◆ What to work on ◆
With the images removed, write out every line below exactly.

◆ Data below ◆
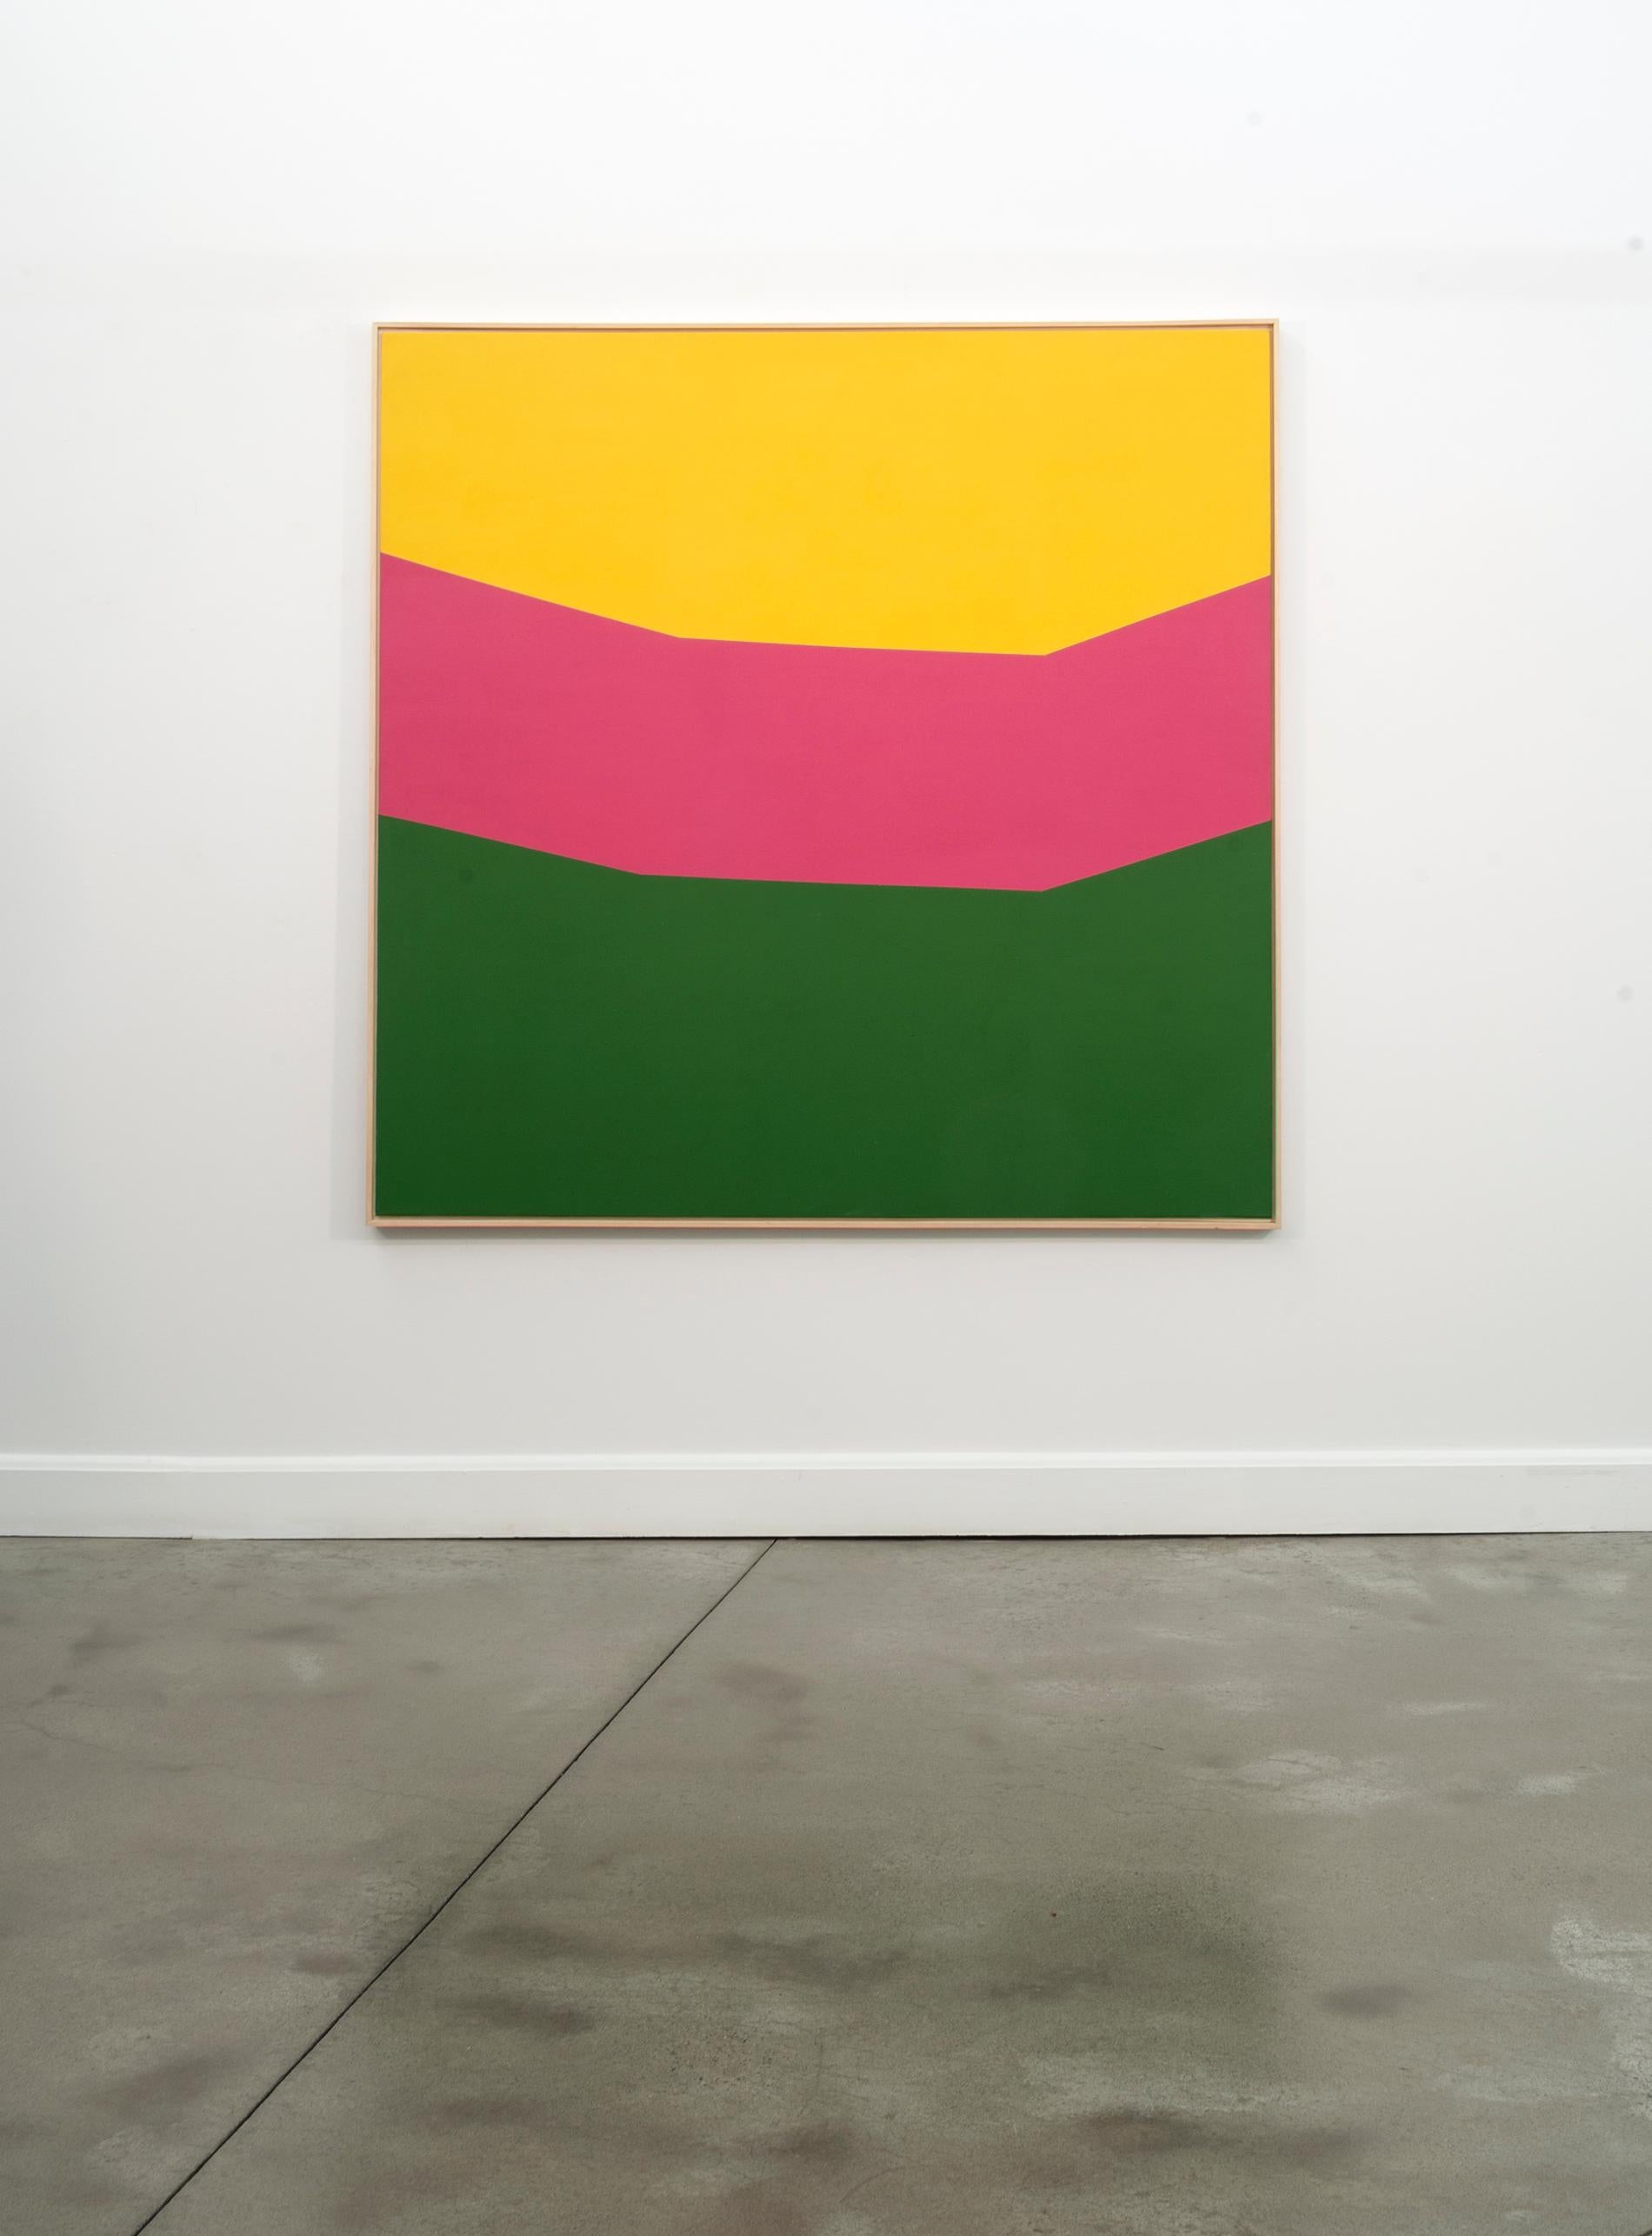 The power of pure colour and minimal form on raw canvas. This is Milly Ristvedt.
Three rows of gently curved horizontal bands of colour—golden yellow, hot pink and green create a striking composition. A master colourist, Ristvedt’s career as a
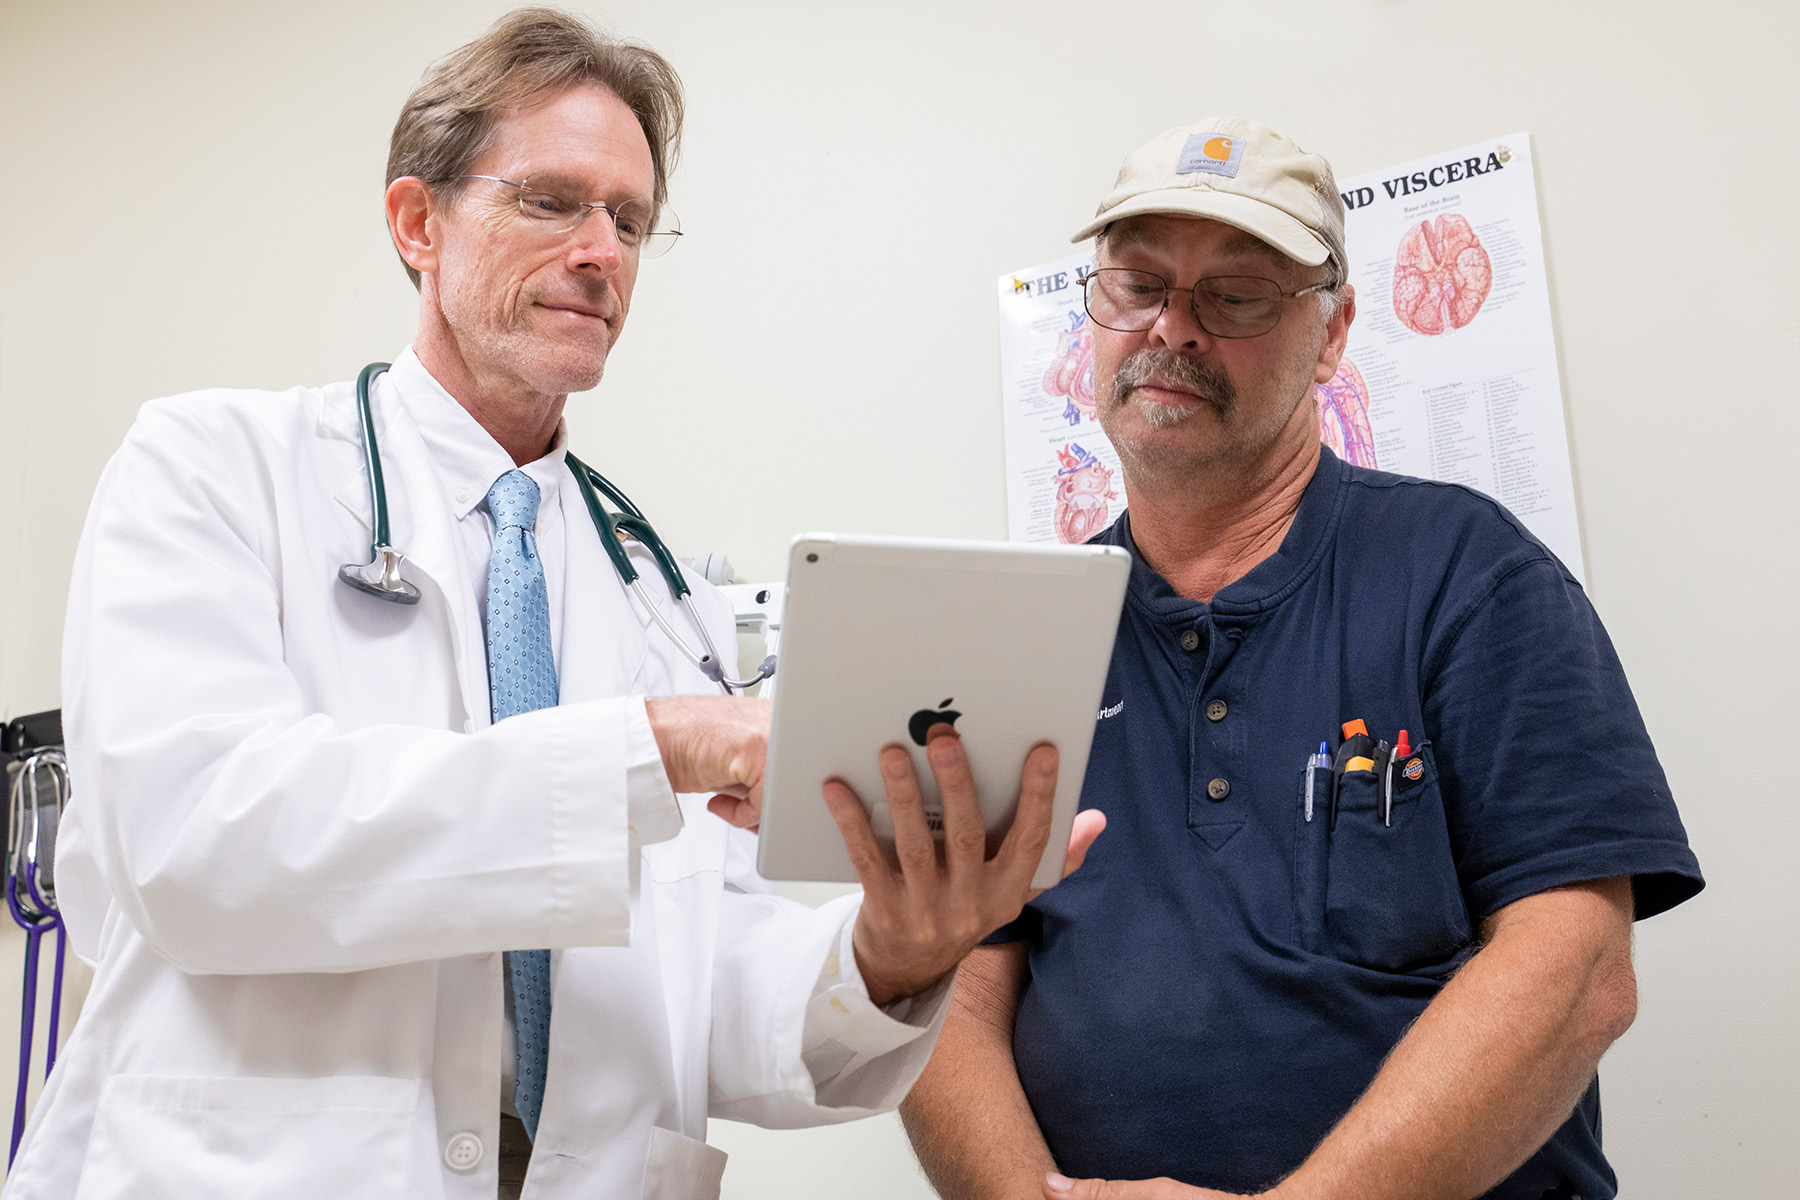 A male physician and a male patient look at health information on a tablet

◆ Response box ◆
 The power of pure colour and minimal form on raw canvas. This is Milly Ristvedt.
Three rows of gently curved horizontal bands of colour—golden yellow, hot pink and green create a striking composition. A master colourist, Ristvedt’s career as a
 A male physician and a male patient look at health information on a tablet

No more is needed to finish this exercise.